We demonstrated the application of the proposed change-plane regression model with or without variable selection for the RV144 immune correlates study (Rolland et al., 2012; Rolland and Gilbert, 2012). The specific goal of the application was to find the combinations of immune markers to separate the vaccine recipients of RV144 into two subgroups to address the following questions: 1) to assess whether the associations between the infection risk and each of Avidity, ADCC, ICS, and NAB could be modified by the level of Env-specific IgA; 2) to identify immune markers whose association with the infection risk was not strong in the entire set of vaccine recipients, but was stronger within subgroups; and 3) to determine if the subgroup exhibited a higher risk of developing infection than the other subgroup. We are also interested in finding a parsimonious set of immune markers that rendered a valuable contribution to the identification of heterogeneous subgroups through the change-plane. The resulting combination of markers would then serve as candidate correlates of protection for predicting the vaccine’s protective effect against HIV infection. The application of our proposed methods to RV144 data targeted exploration and hypothesis generation, and future studies to evaluate the subgroups and immunologic mechanisms are required to validate the CoR analysis results, which was beyond the scope of this study.

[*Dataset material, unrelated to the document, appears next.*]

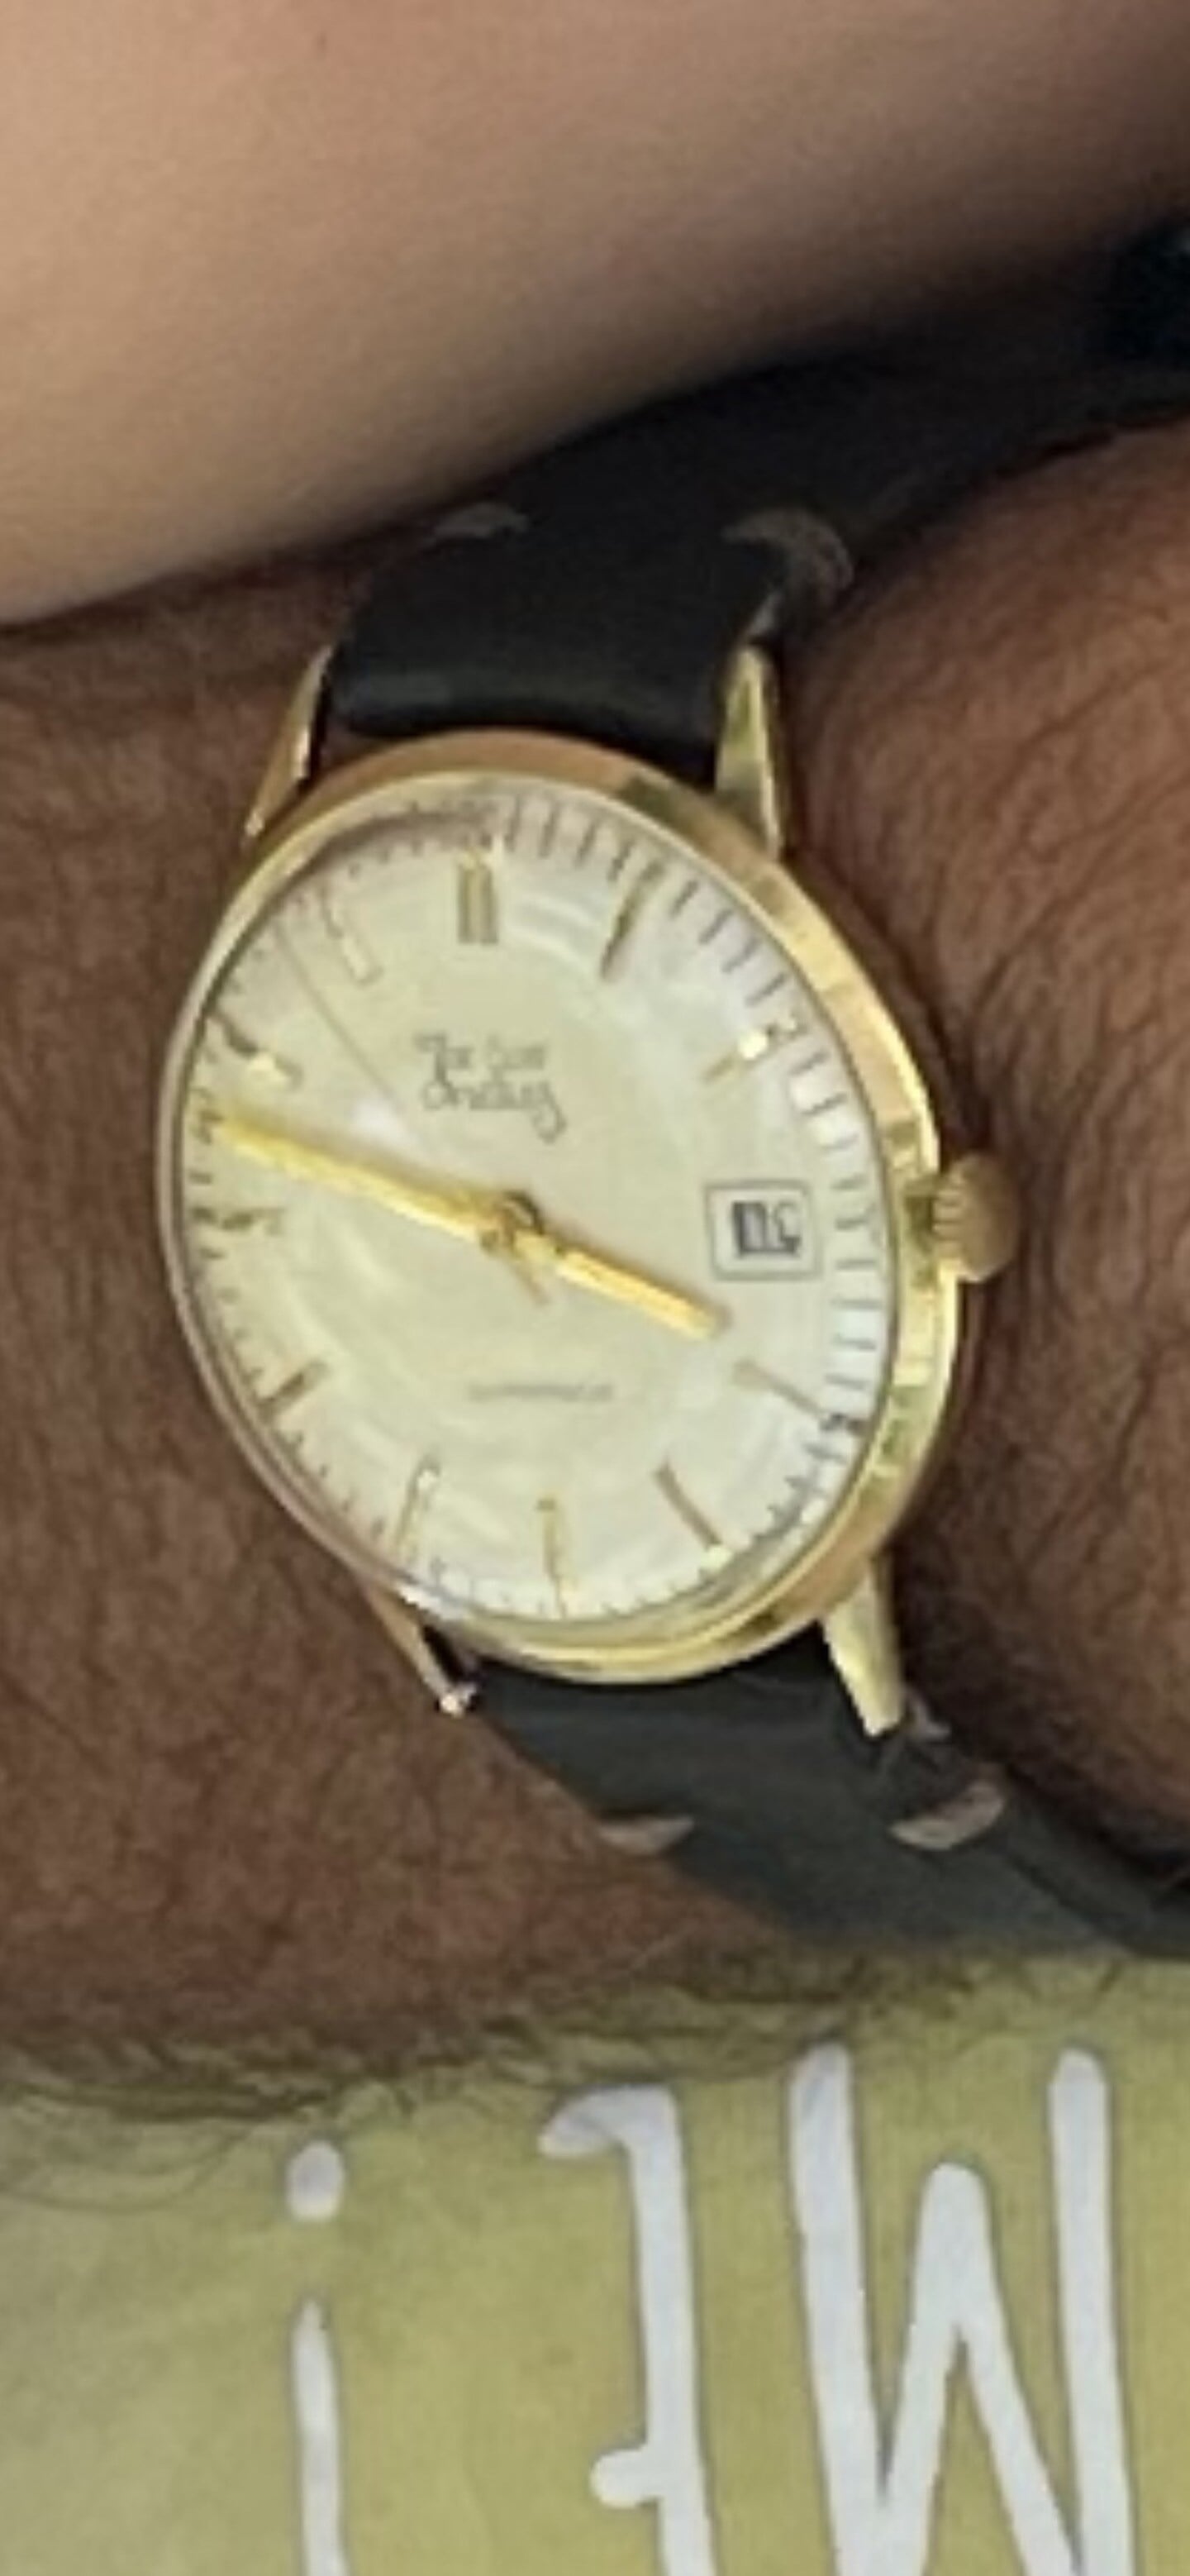 Het verloren horloge met het laatste horlogebandje dat erom zat.

Considering a binary indicator of infection status as an outcome variable, a single logistic regression model was used in the previous immune correlates analysis to study the association between each of the immune markers and infection risk, with and without adjustment for the effect of baseline age and behavioral risk. The immune markers (X) listed in Section 2 and Tables 10 and 11 of the Supplementary materials represent candidate markers that can be used to build the change-plane. The baseline behavioral risk level (Moderate = 1{Moderate level of behavioral risk}; High=1{High level of behavioral risk}; low risk as a reference level) and age group (Age1 = 1{21 ≤ Age ≤ 25}; Age2 = 1{Age ≥ 26}; 1{Age ≤ 20} as a reference level) have been considered as X, except for the change-plane model based on the use of Env-specific IgA in Section 5.2.1. The immune markers demonstrate diverse scales, and thus each marker is standardized by using the empirical mean and standard deviation to enable the use of SCAD for variable selection. The reciprocal of the sampling ratio (infected: non-infected) was used to weight each individual in the regression model. All other settings for the estimation procedure are the same as those described in Section 4.1. For example, the optimal value for the SCAD penalty term, λ, is determined in terms of minimizing the BIC. The minimum subgroup size has been set equal to the total number of regression parameters or 5% of the data sample size, whichever was greater.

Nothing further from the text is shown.